Chapter 8

Planning and Learning

Combine model-based planning with model-free learning. Use experience to build models, then use models to accelerate learning.

What if you could practice in your imagination?

So far, we've learned from real experience — actually trying things and seeing what happens. But what if you could build a mental model of how the world works, then practice in your imagination? That's planning! This chapter shows how to combine learning (from real experience) with planning (from simulated experience) to learn faster than either approach alone.

Models

Predict the environment

Dyna Architecture

Learn + Plan together

MCTS

AlphaGo's secret

The Big Picture: Two Ways to Improve a Policy

Model-Free (Direct RL)

Learn directly from real experience. Trial and error in the actual environment.
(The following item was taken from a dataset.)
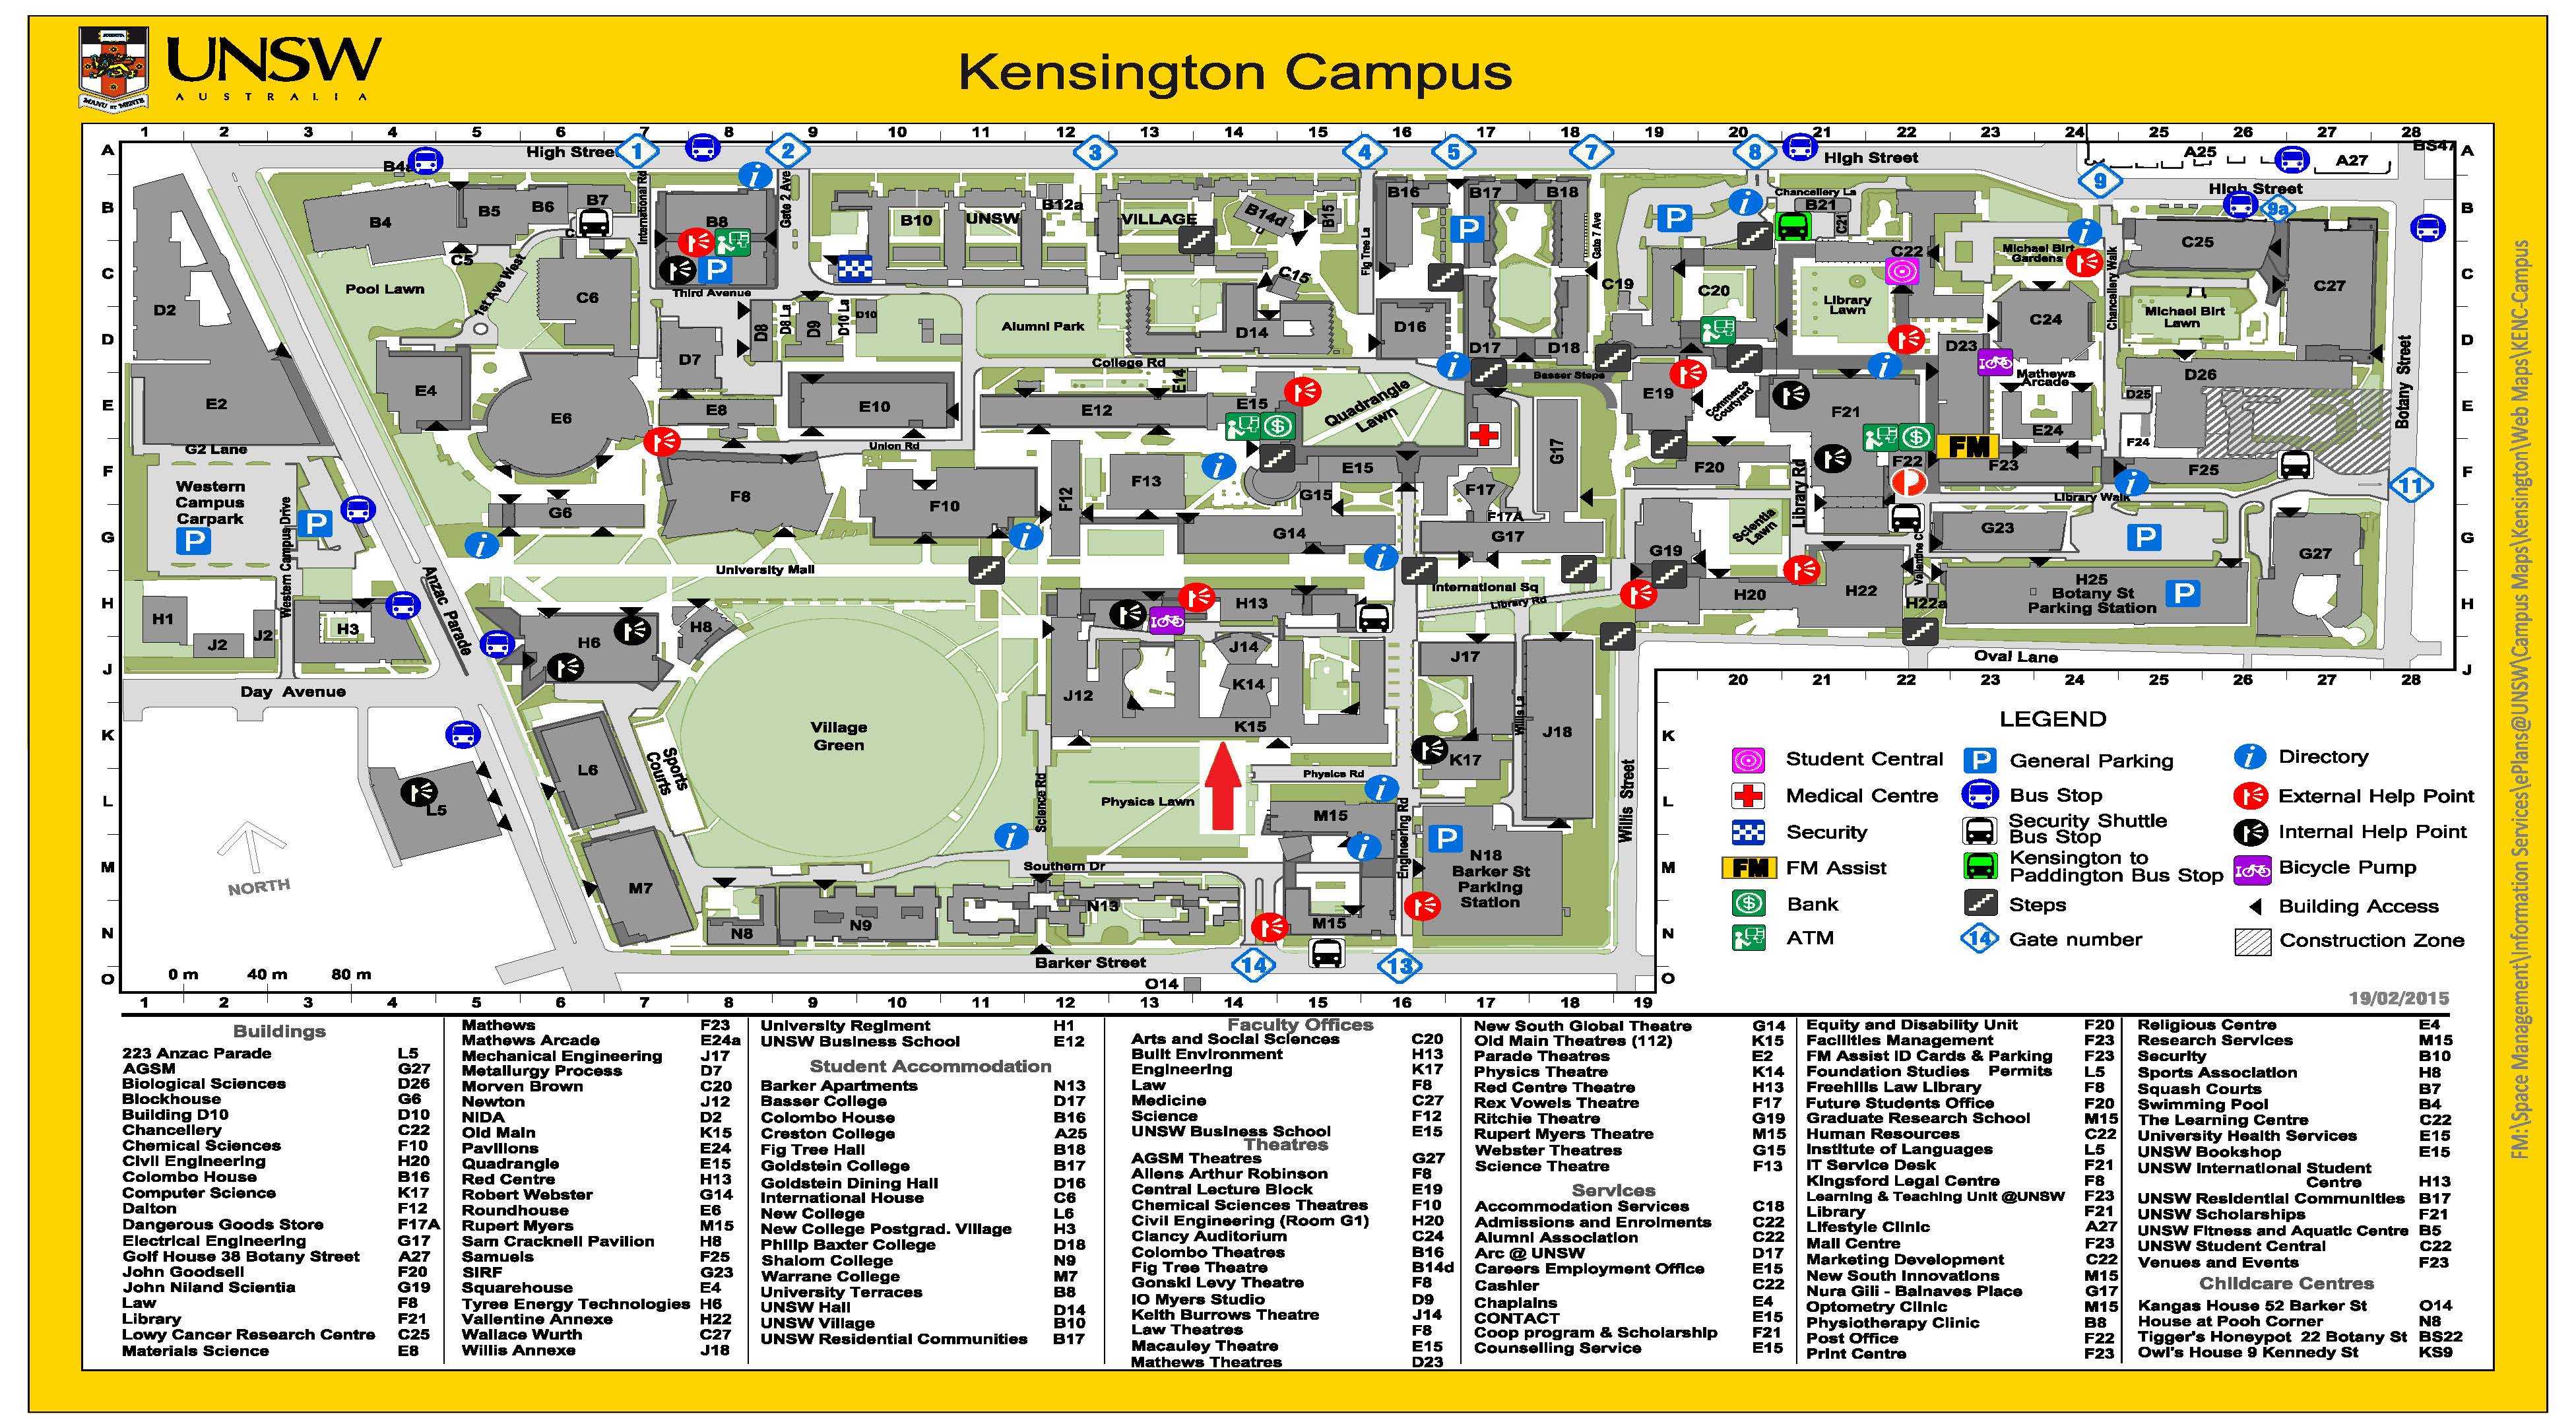 WhiteKnights Campus Map

Chapters 5-7: MC, TD, n-step

Model-Based (Indirect RL)

Build a model, then plan using simulated experience from the model.

Chapter 4: DP (with known model)

This chapter's insight: Why choose? We can do both! Learn a model from experience AND use that model to plan. This is the Dyna architecture.

Section 8.1

Models and Planning

What is a model, and how do we use it?

Think of it like a mental simulation!

A model is your internal representation of how the world works. If you throw a ball, you can imagine where it will land before you throw it. That's your model of physics! In RL, a model predicts what state and reward you'll get if you take a certain action. Planning means using this model to figure out a good policy — like mentally rehearsing before you act.

What is a Model?

A model of the environment is anything an agent can use to predict how the environment will respond to its actions.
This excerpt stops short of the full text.